Creating and Breaking MD5 Hash

Step 1: Breaking the Message

The input message is divided into fixed-size blocks, typically 512 bits (64 bytes).

Step 2: Padding the Message

  • If the message size is not a multiple of the block size, padding is added to make it fit.
  • Padding includes a “1” bit followed by “0” bits to reach the last 64 bits of the block. ( 512 – 64 bits )

What about the Last 64 bits

The last 64 bits in the MD5 hash are used to represent the original message’s length (in bits) before padding. How the Last 64 bits are filled :

  1. Determine the Message Length in Bits:
    • The length of the message “This is a longer message!” is 232 bits.
  2. Convert to Binary Representation:
    • To represent 232 in binary, we write: “11101000”
  3. Fill with Leading Zeros:
    • Since the binary representation is less than 64 bits, we need to add leading zeros to make it 64 bits.
  4. Final 64-Bit Representation (Modulo 2^64):
    • The final 64-bit binary representation of the message length is the result of taking the original length modulo 2^64: “0000000000000000000000000000000000000000000000000000000011101000”

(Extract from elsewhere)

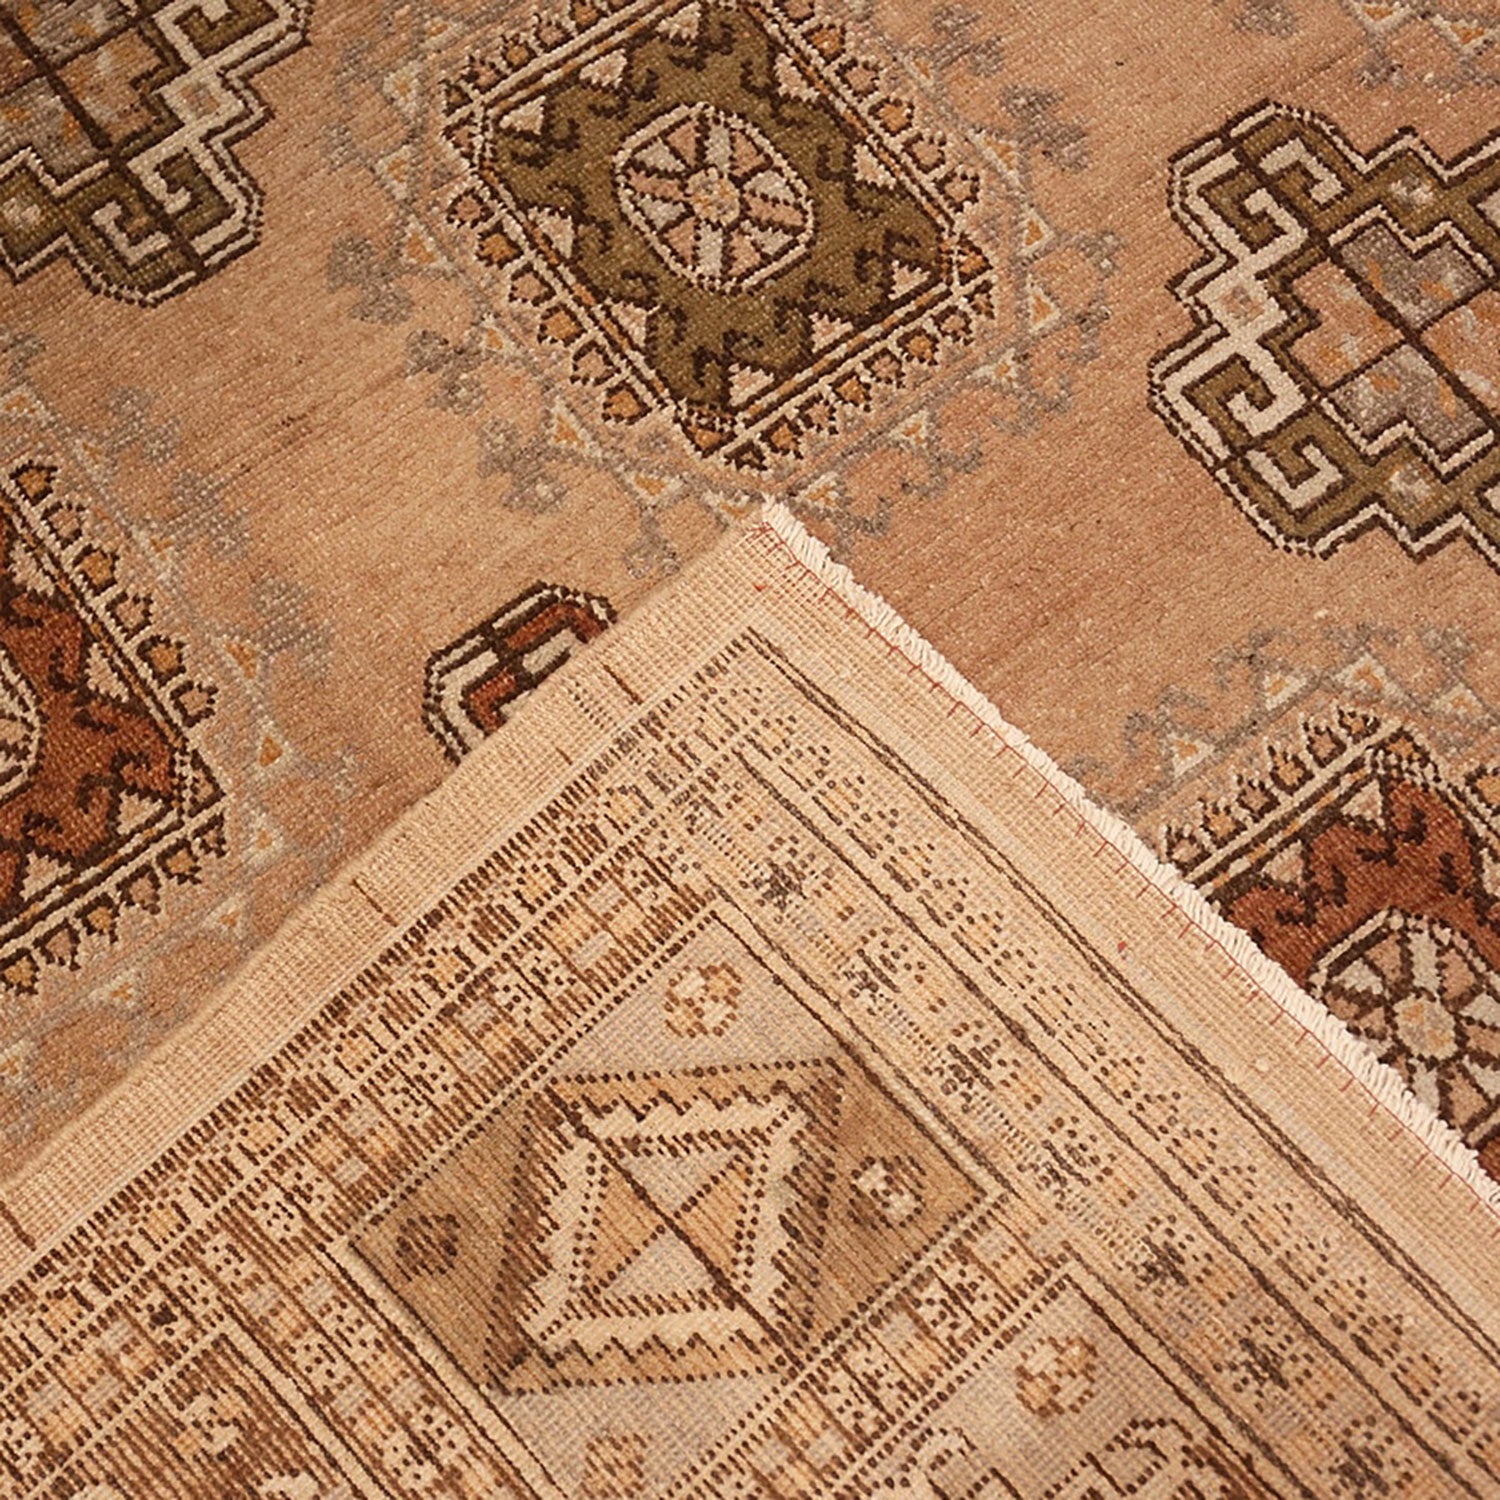 Intricate oriental rug with geometric motifs and warm earth tones.
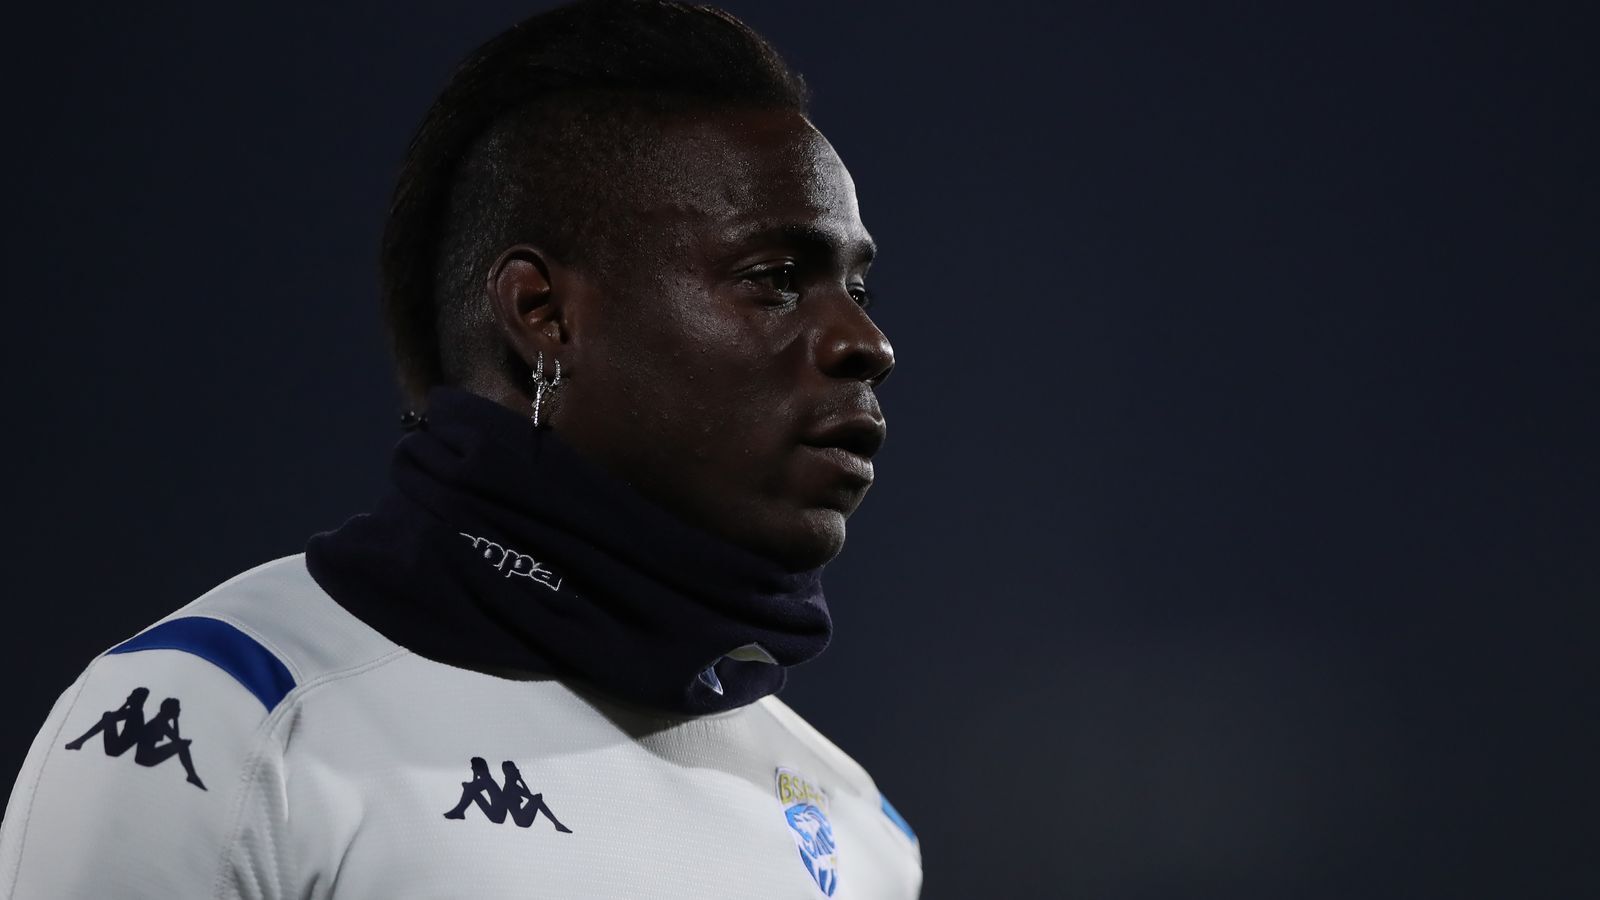 Balotelli Advised to Retire after Splitting from the Brescia Squad

The modulo operation effectively keeps the 64 least significant bits of the original message length, discarding any higher-order bits that won’t fit within the 64-bit representation.

The use of modulo 2^64 ensures that the MD5 algorithm can handle messages of any length, even those longer than 64 bits, and produce consistent and unique hash values for them.

A Short Example

The whole message is converted into bits. Then no of bits are calculated. then the no. it self is written in the form of bits Then zeros are added from the front till the size increases to 64bits

Example :

Hello ⇒ 0100100001100101011011000110110001101111

0100100001100101011011000110110001101111 ⇒ 40 bits

40 ⇒ 101000 bits ( Representing 40 in Binary )

Adding Zeros to 101000 ( In Front ) till total bits are 640000000000000000000000000000000000000000000000000000000011101000

Above is the last 64 bits of the block

Step 3: Initializing Internal State

  • MD5 has four 32-bit internal state variables (A, B, C, and D) initialized with specific constants.

Step 4: Processing the Blocks

  • Each block goes through a series of 64 rounds, applying operations to update the internal state.
  • Rounds involve bitwise operations (AND, OR, XOR), bit shifts, and addition modulo 2^32.

Step 5: Updating Internal State

  • The state variables (A, B, C, and D) are updated at the end of each round using the mixing function.

Step 6: Final Output

  • After processing all blocks, the final output is a 128-bit hash value.
  • The hash value is usually represented in hexadecimal format (32 characters).

Hash Collision

In computer science, a hash collision or hash clash is when two pieces of data share the same hash value.
For example, if “johnwick” and “jhonwick” have the same hash value of 123654asdf23432 then the phenomenon is called hash collision.

Pigeonhole Principle

In mathematics, the pigeonhole principle states that if n items are put into m containers, with n > m, then at least one container must contain more than one item.

💡 The principle says, if you have some holes, lets say 100 and you also have 110 pigeons and all the pigeons are in these 100 holes then at least one hole should contain more then 1 pigeon.

How a Collision is Created

💡 We need to create the same hash for different inputs in MD5 which is very hard but the process goes like this

let’s say I have a string “Hello World I am a Hacker” Now if I change the string too much the resulting hash will be different for sure thus I will try to change some characters in the string to see if the hash changes

Exploiting Collision Vulnerability

  1. Brute Force: I think you know what brute Forcing is ( Right ? )
  2. Birthday Attack: The birthday attack is a more efficient method to find collisions. It is based on the birthday paradox, which states that in a set of only 23 people, there is a 50% chance that two people share the same birthday. Similarly, with MD5’s 128-bit output, it takes approximately 2^64 computations to find a collision with a 50% probability.